Recommended preparation:

About your instructor

  • Harshit Tyagi is a full stack developer and data engineer at Elucidata, a biotech company based in Cambridge, where he develops algorithms for research scientists at some of the world’s best medical schools, including Yale, UCLA, and MIT. Previously, he was a systems development engineer at the investment management firm Tradelogic, where he designed a framework to analyze financial news from prominent sources to produce accurate trading signals. He’s a Python evangelist and loves to contribute to tech communities, including Google Developers Groups and Python Delhi User Groups, as well as other online learning platforms.


The timeframes are only estimates and may vary according to how the class is progressing

Introduction to quantitative trading (50 minutes)

  • Lecture: Quantitative trading overview; how to access data of any stock or instrument from Oanda
  • Group discussion: What is momentum trading? What are log returns? Why should you use Python for trading? How do you get the data for algorithm trading?
  • Hands-on exercise: Read and plot data; correct the format of data extracted
  • Q&A
  • Break (10 minutes)

Building your strategy on the data collected (50 minutes)

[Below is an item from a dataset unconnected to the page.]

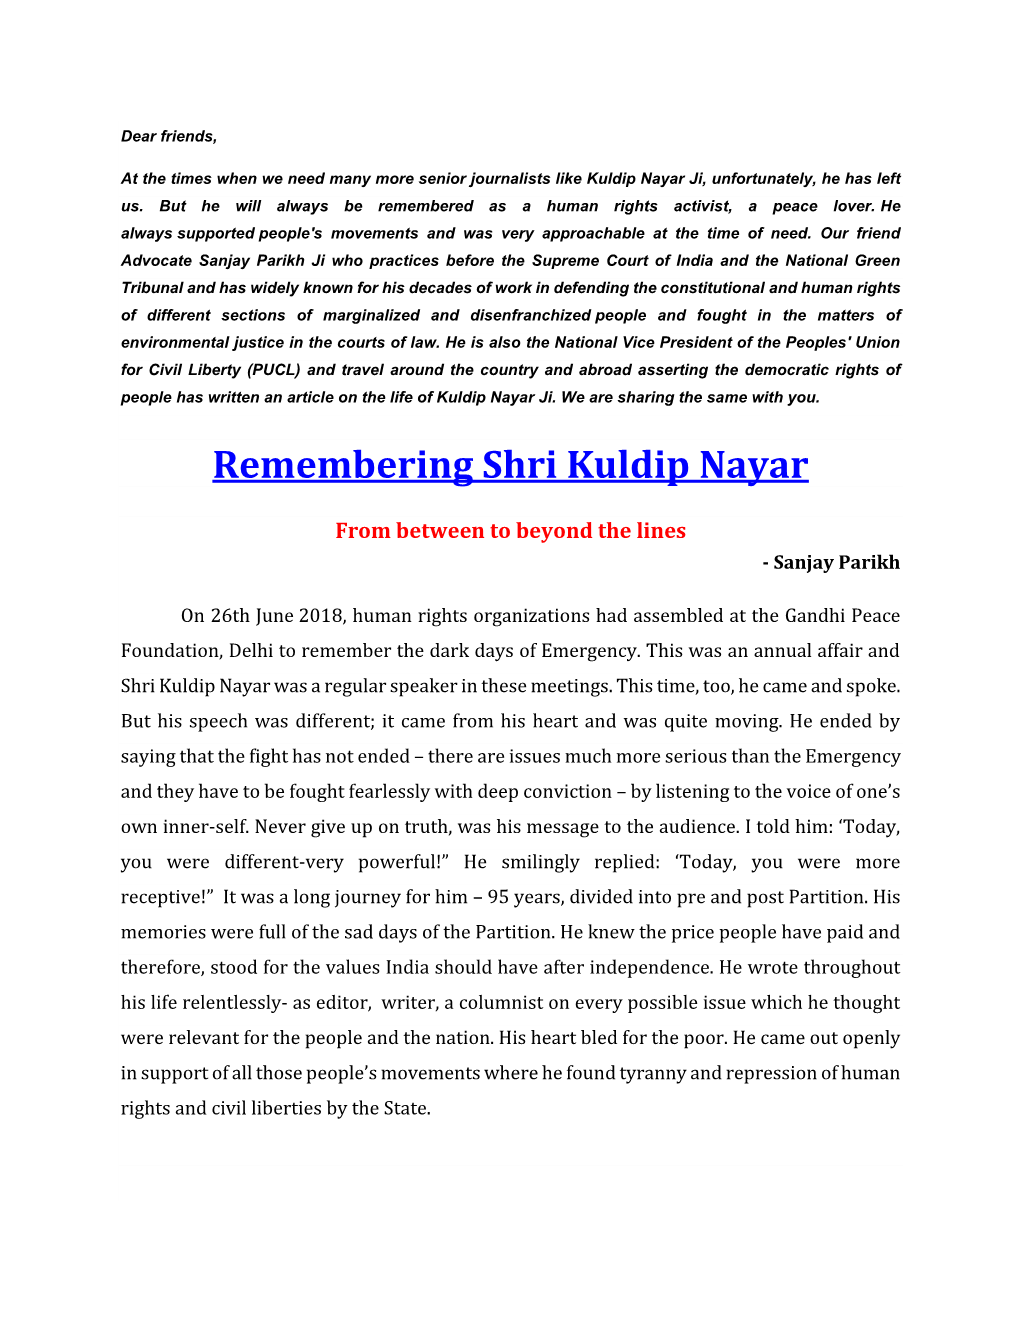 Remembering Shri Kuldip Nayar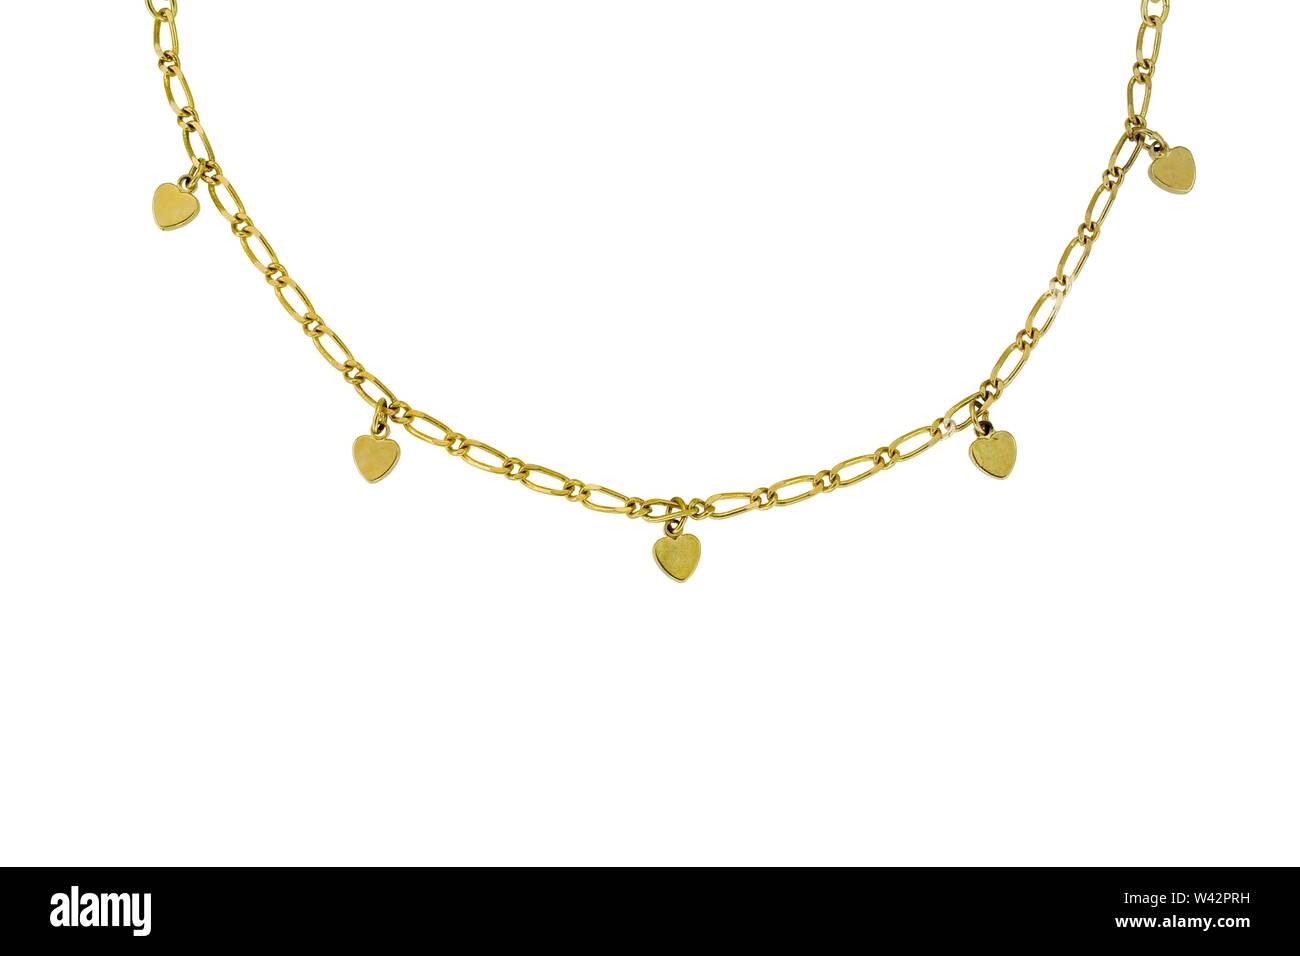 Ce collier de chaîne d'or jaune est en fil métallique rond et ovale et liens a coeur charms se balançant d'elle. Le collier est constitué d'une demi-ronde Banque D'Images

  • Lecture: Statistical time series analysis; calculating log returns; using NumPy to calculate log returns and add them to the data frame; building your strategy over those intervals
  • Group discussion: Types of log returns, different ways of calculating log returns, deciding intervals/periods over which the log returns are to be calculated
  • Hands-on exercise: Plot the strategies and return
  • Q&A
  • Break (10 minutes)

Backtest the strategy (50 minutes)

  • Lecture: The statistical theory behind backtesting strategies; the significance of p-value, t-tests, and the Sharpe ratio
  • Group discussion: What is p-value? What is hypothetical testing? What is the Sharpe ratio?
  • Hands-on exercise: Backtest your strategy in IPython
  • Wrap-up and Q&A (10 minutes)

Take-home exercise:

  • Working with historical data of a given stock universe, generate a trading signal based on a momentum indicator. Then compute the signal, produce projected returns, and perform a statistical test to conclude if there is alpha in the signal.